-- Task objective --
Output all of the lines below exactly, and leave out each image.
+++ Supplied material
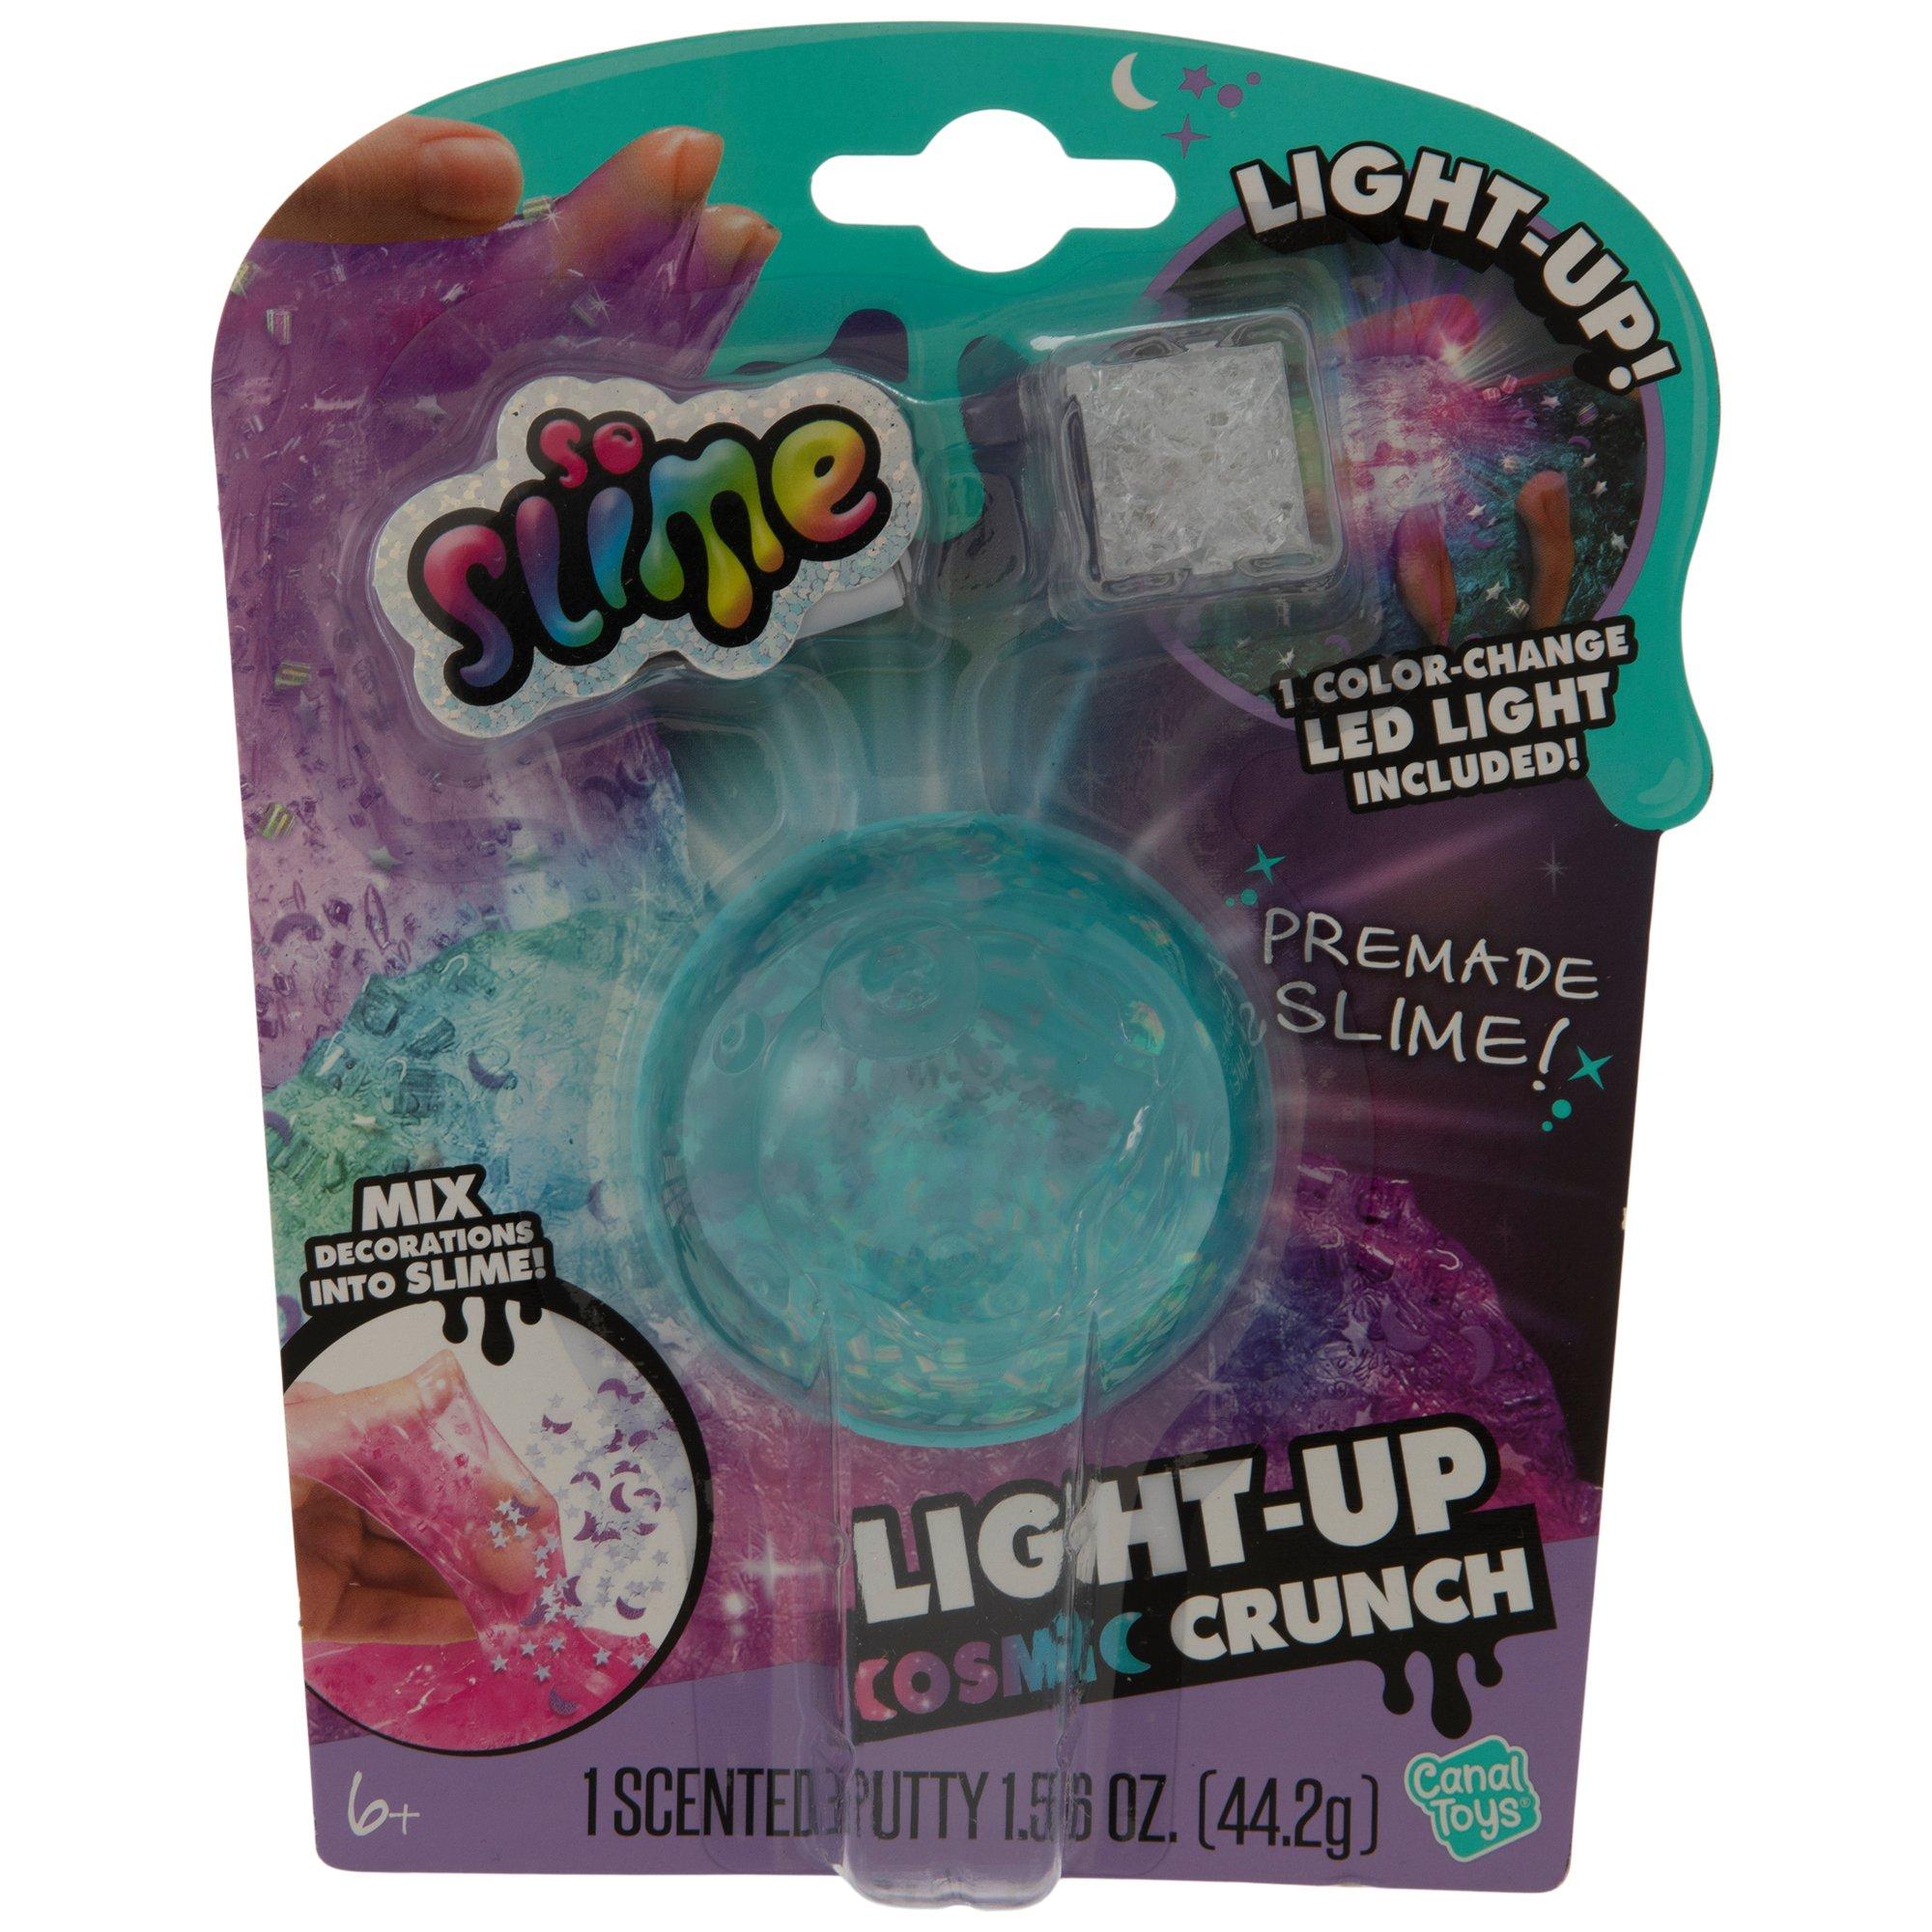 So Slime DIY Sensory Slime Factory with Light-up Cosmic Crunch
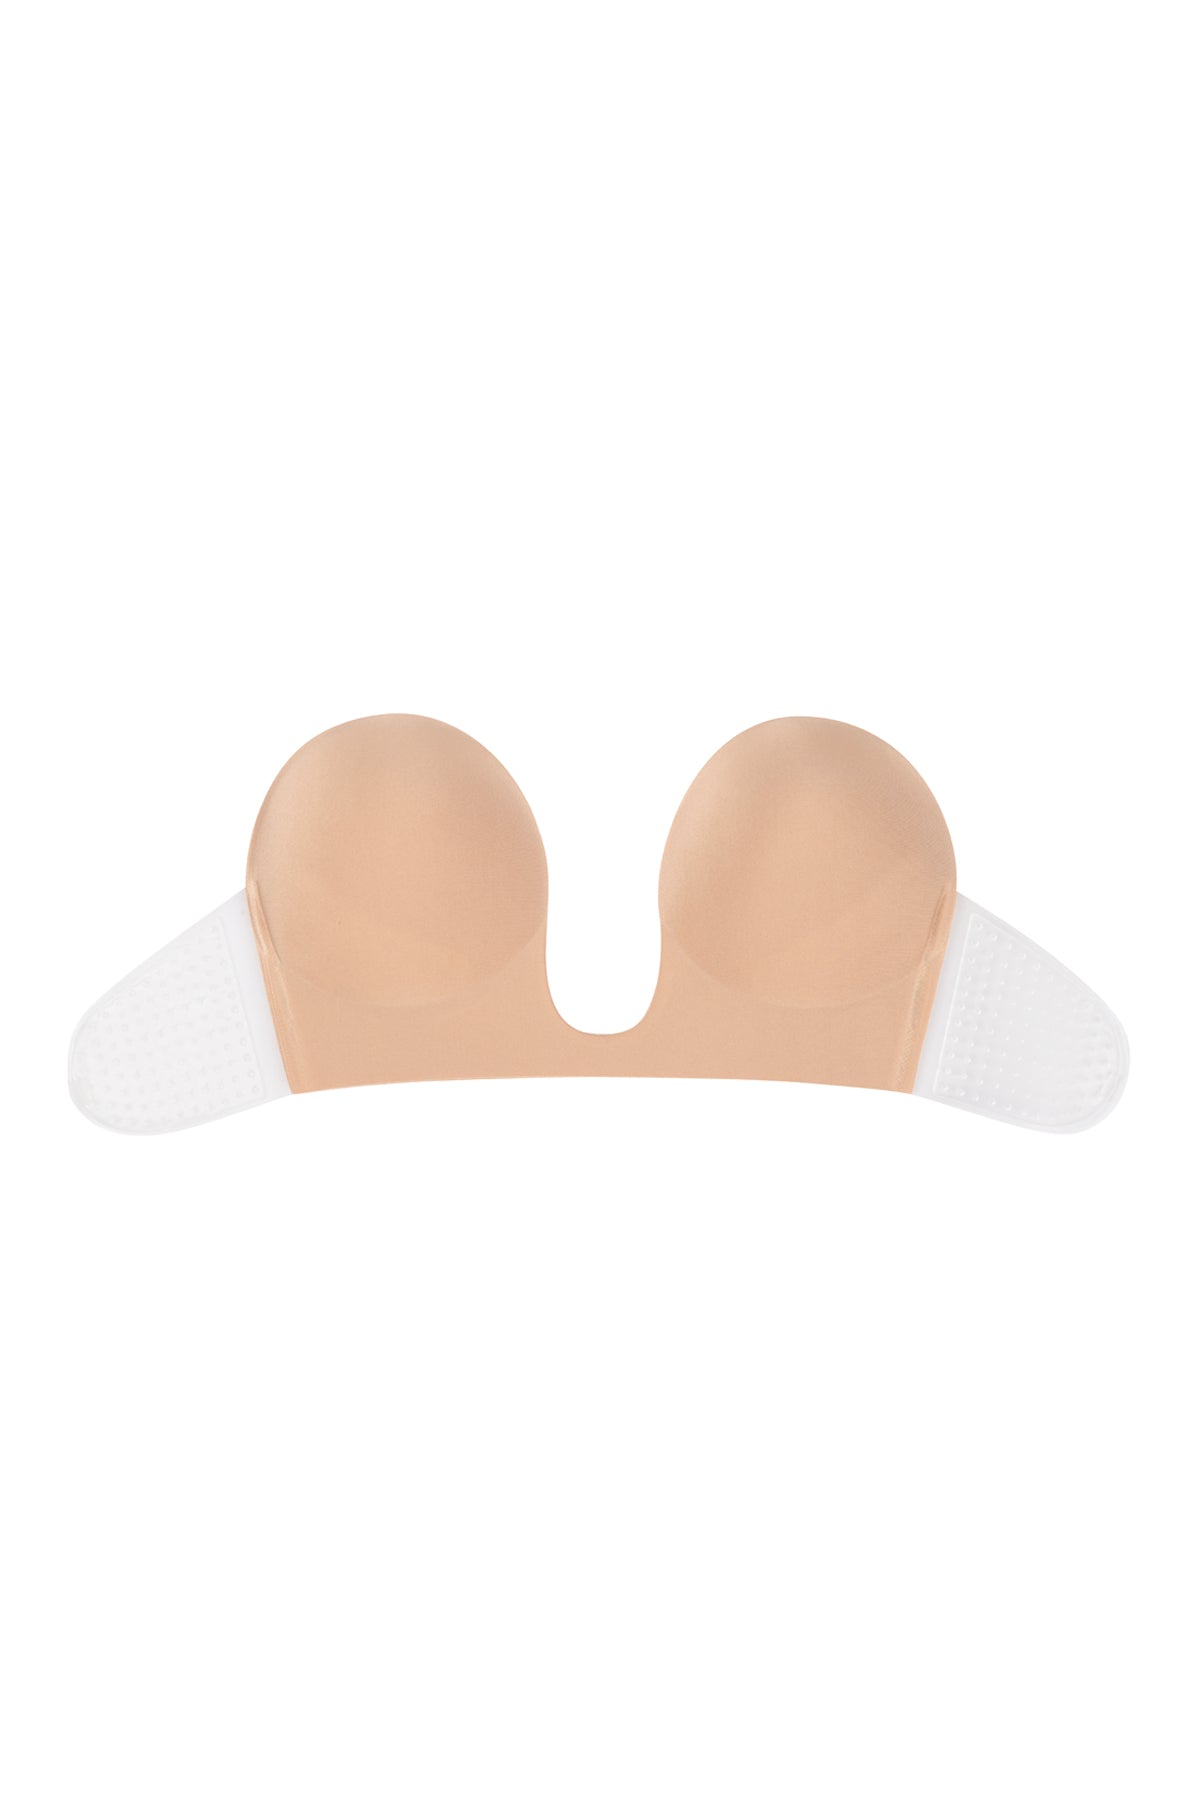 STRAPLESS PUSH UP ADHESIVE NU BRA WITH NIPPLE TAPE AND TRANSPARENT STRAP
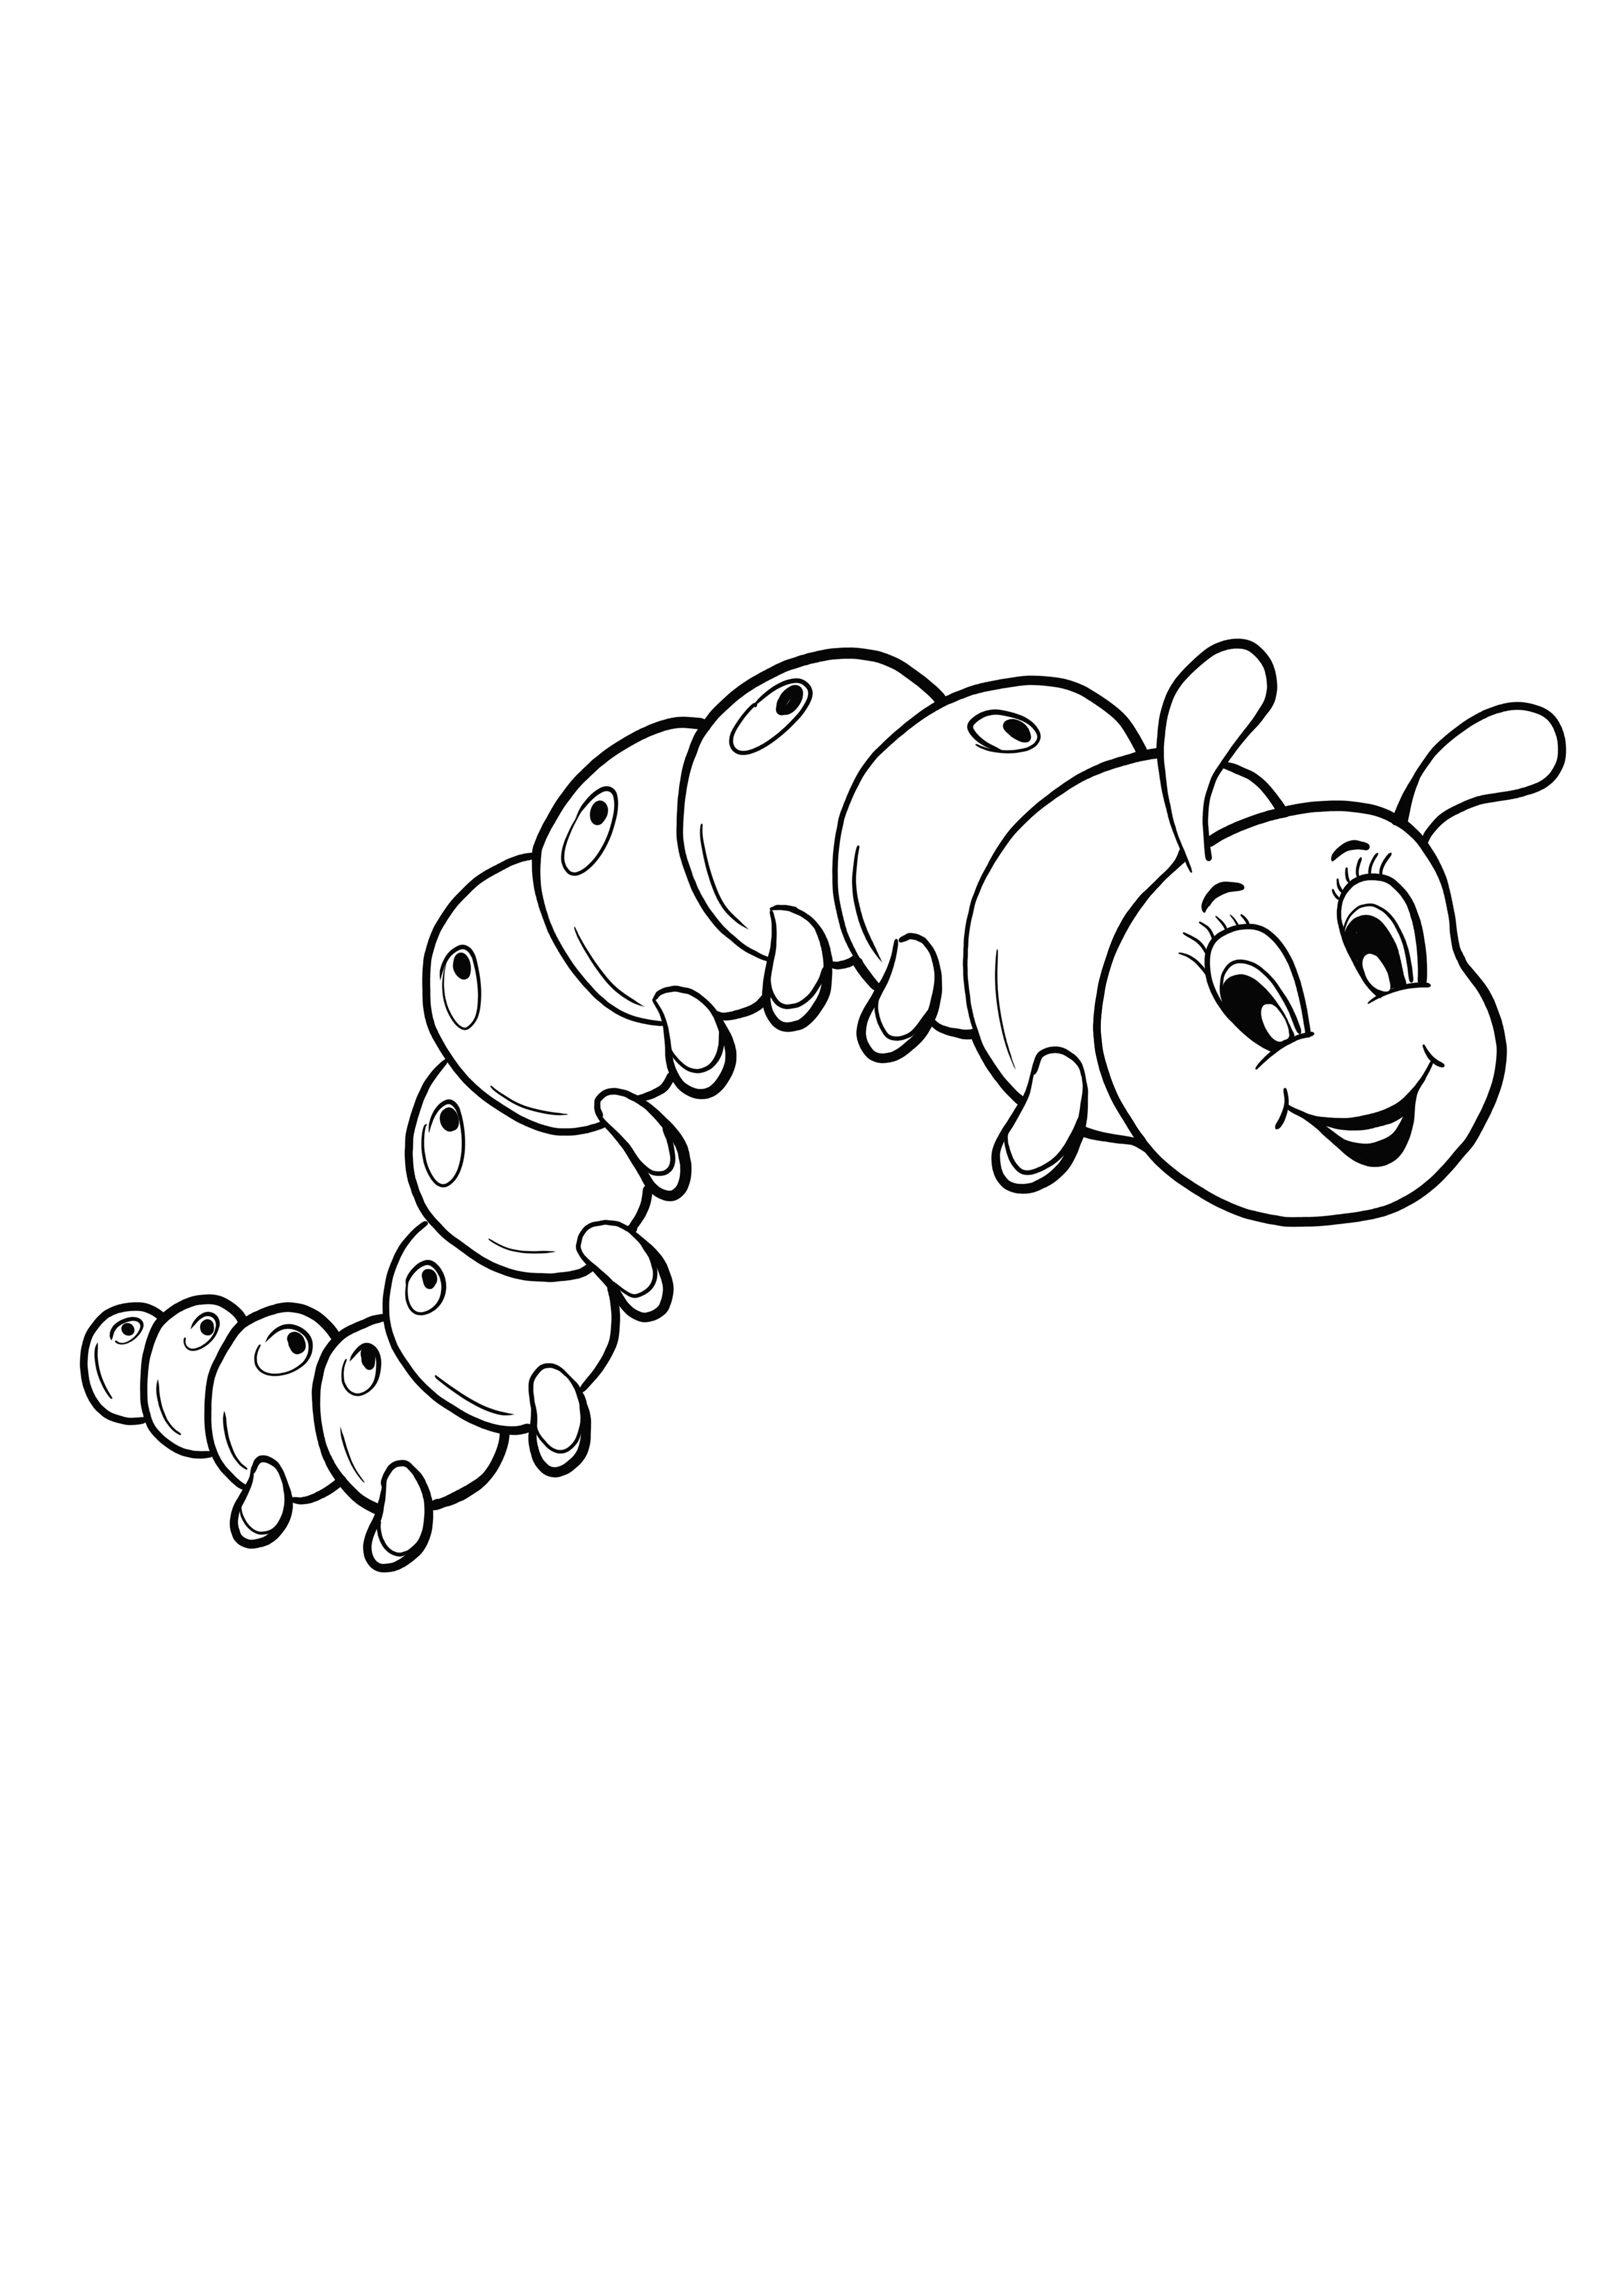 easy caterpillar free printing and coloring page
++++++
-- Problem solution --
 So Slime DIY Sensory Slime Factory with Light-up Cosmic Crunch
 STRAPLESS PUSH UP ADHESIVE NU BRA WITH NIPPLE TAPE AND TRANSPARENT STRAP
 easy caterpillar free printing and coloring page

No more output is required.